The syndicated columnist Charles Krauthammer also is right to argue that there is a difference between “giving” a civil war and failing to prevent one.
But I disagree with Krauthammer – a circumstance to which I am unaccustomed – when he writes: “Iraqis were given their freedom and yet many have chosen civil war.” Only a small minority of Iraqis, I think, have made that choice. Most simply have no idea how to defend the liberties suddenly thrust upon them.
John Burns of The New York Times, the best reporter covering Iraq, recently told NBC’s Tim Russert that while “American troops were greeted as liberators” immediately after the overthrow of Saddam, enthusiasm for the intervention diminished quickly once it became clear that U.S. forces could not -- or would not -- protect Iraqis from the terrorists in their midst.

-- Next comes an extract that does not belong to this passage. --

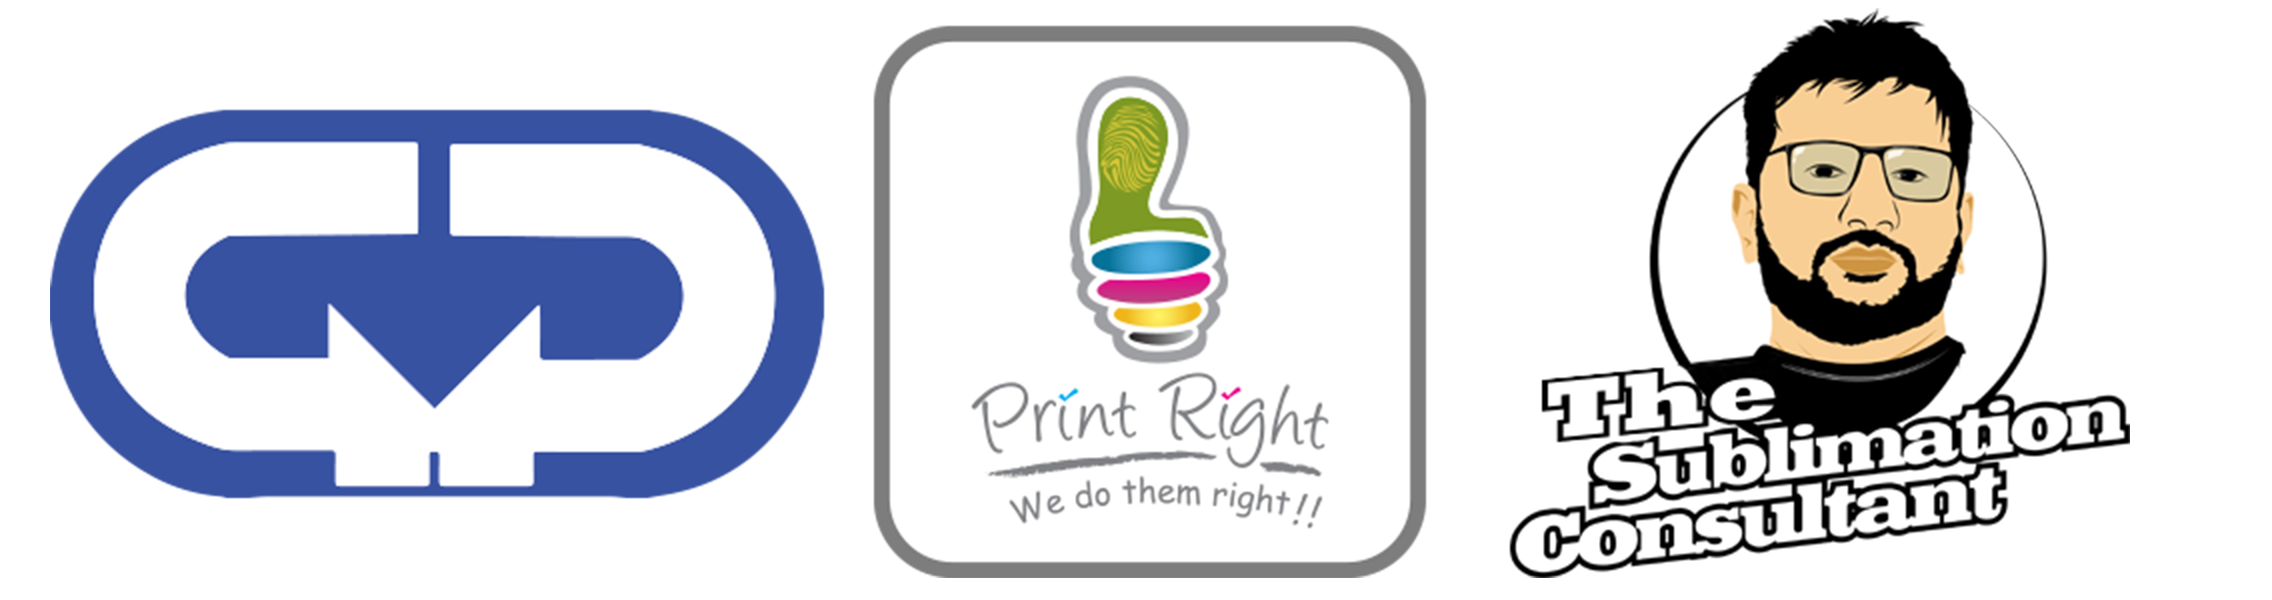 Print Right -

Yes, it would have been wonderful had Iraqis spontaneously organized their own defense. But is it so astonishing that they did not? Burns said that longtime observers of Iraq “completely miscalculated the impact of 30 years of violent, brutal repression on the Iraqi people and their willingness, in President Bush's phrase, ‘to stand up’ for themselves, to take authority, to take risks … Iraq was, by a long way, saving only North Korea, the nastiest place I've ever been. It was a truly terrible place …”
Now, a last-ditch effort is being made to eliminate the terrorists from Baghdad, to give the majority of Iraqis a safe space to come together in opposition to a fanatical and ruthless minority that believes it can pave a path to power with carnage and chaos.
There is ample precedent for that belief. Mithal al-Alusi and others like him can only pray that Americans will find the will and a way to help decent Iraqis – a majority, I think -- carve out an exception.